Hi there,
It's unfortunate that some on the group are unwilling to help you because you might make money out of the help you need.
Anyway, the easiest way to do what you want is to select the brush tool and choose "Colour" as the mode for the brush.
Place the door you want to change on its own layer with a transparent background. In the layers pallet, check the "Preserve Transparency" option.
Choose the colour you want to use and then paint over the door. You can vary the opacity of the brush if needed.
Only the colour will change, not the grain of the wood.
You may have to play further with Hue Saturation, or other colour controls, to fine tune the colour and lightness of the image, but you should be able to get pretty good results.

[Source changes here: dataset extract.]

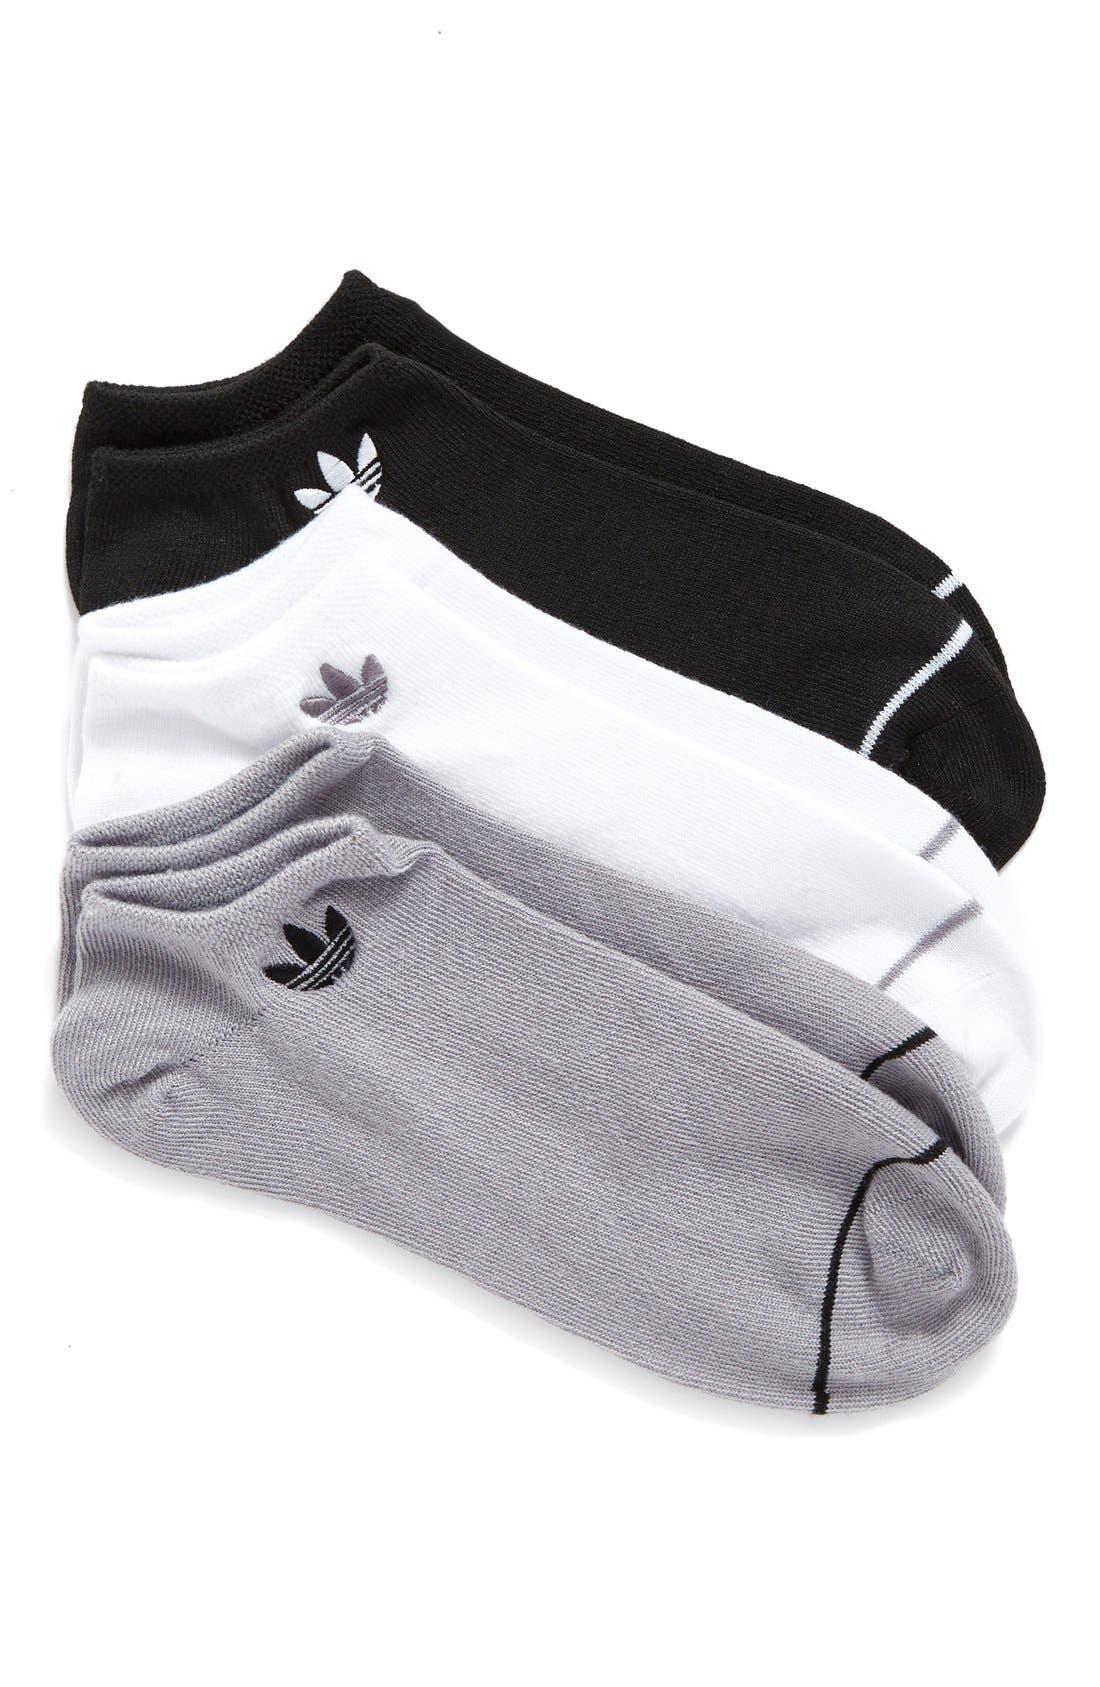 Superlite 3-Pack Socks,                             Main thumbnail 1, color,                             Black
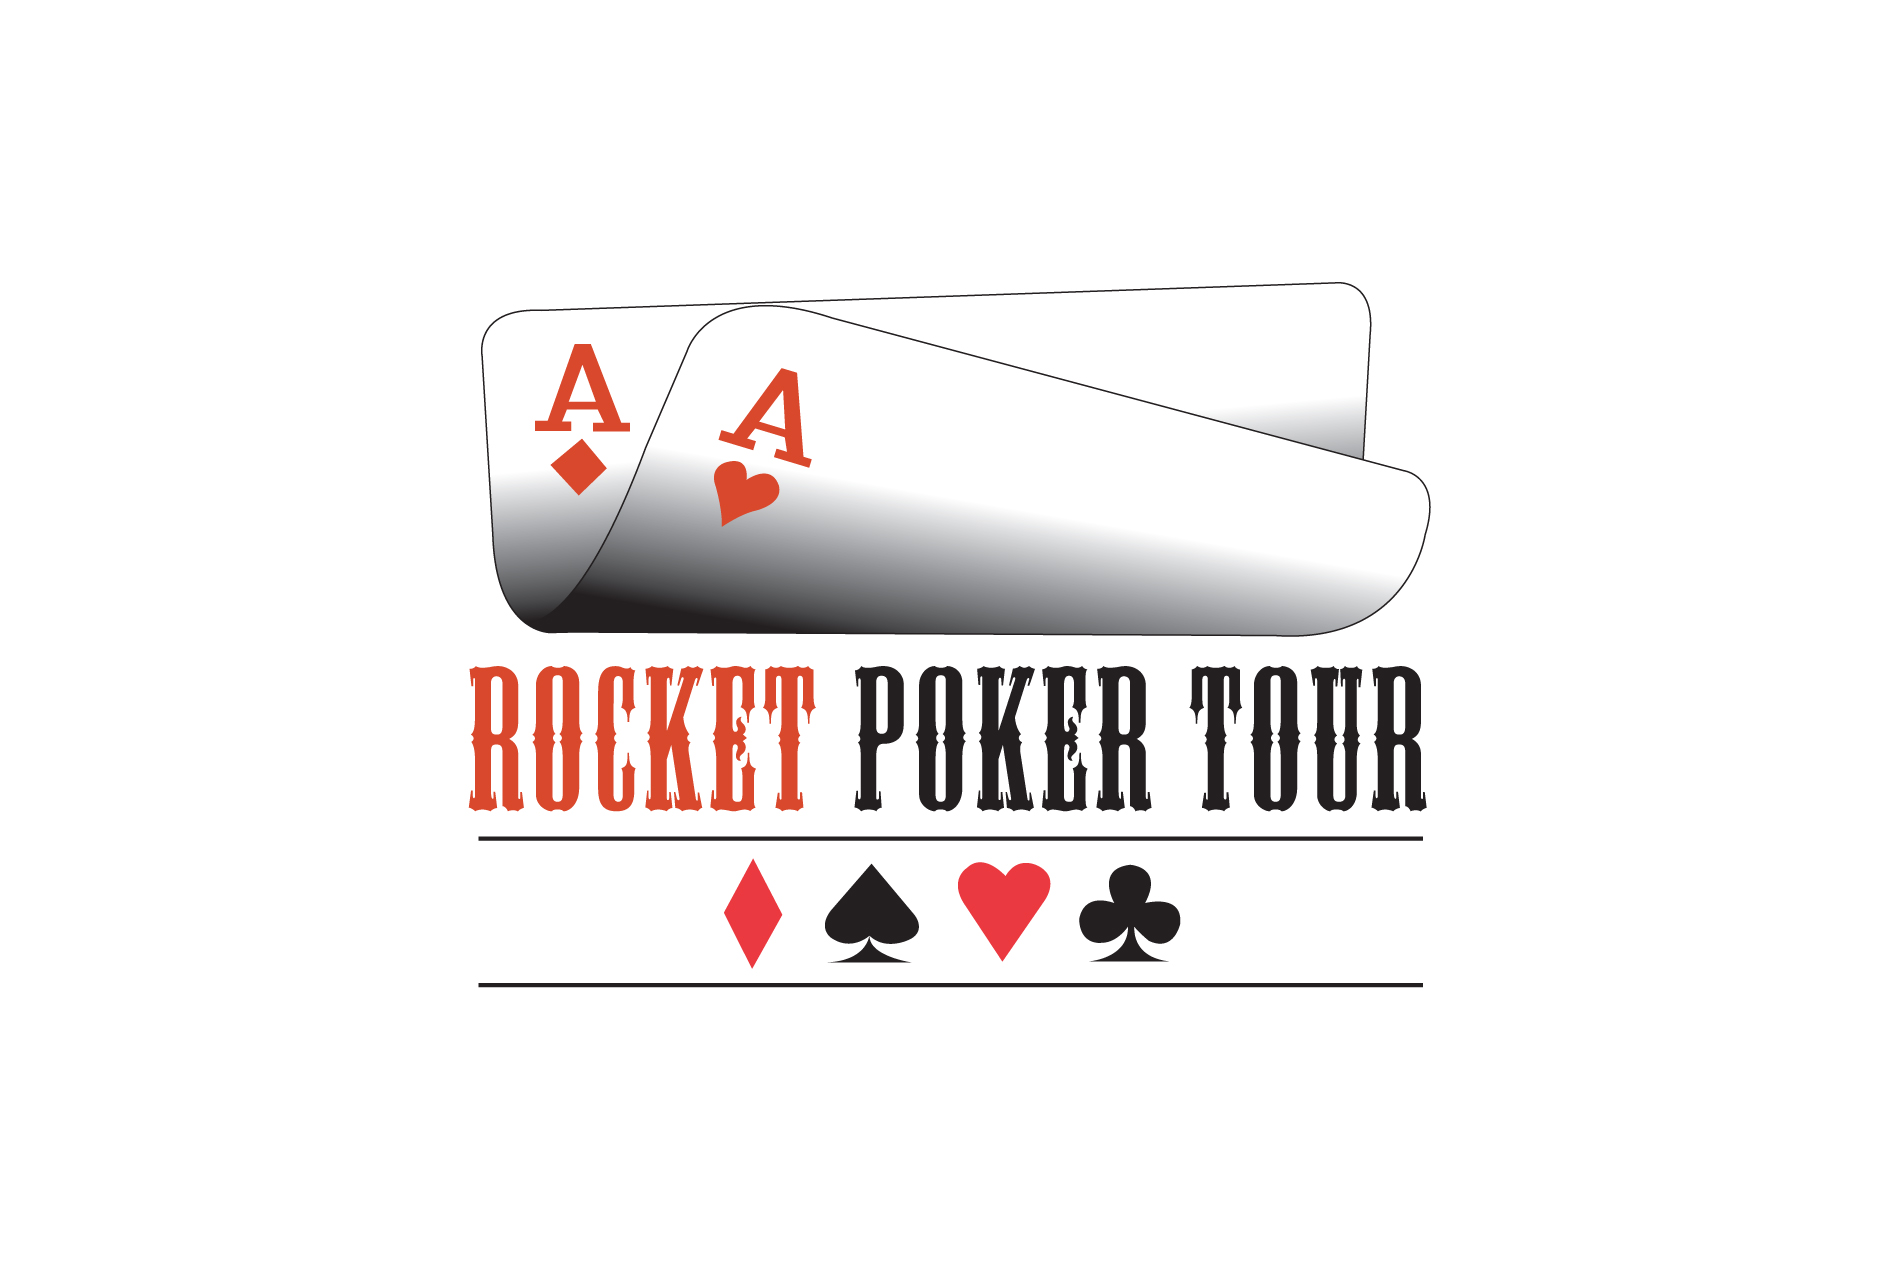 Rocket Poker Logo

Check out this image to see what I mean.
http://freespace.virgin.net/george.gdingwall/pages/test.html The door on the left is the original colour. I've chose extreme colours to emphasize the effect.
Hope this helps.
On 3 Aug 2005 03:03:56 -0700, wrote:
Please help,
We are a door manufacturing company and we have some pictures of doors in our catalogue which aren't like the reality.
For example, we have a range of around 5 doors where they should all be the same colour, yet only one of them is correct in terms of reality, the others are not.
So when we show our customers the catalogues of the doors, we need to keep explaining that all the doors are the same colour as door number C01 (for example).
The design and grain on the doors is correct, but the colour of them isn't.
We can't afford to have photography done, and we know it's very simple to do in Photoshop.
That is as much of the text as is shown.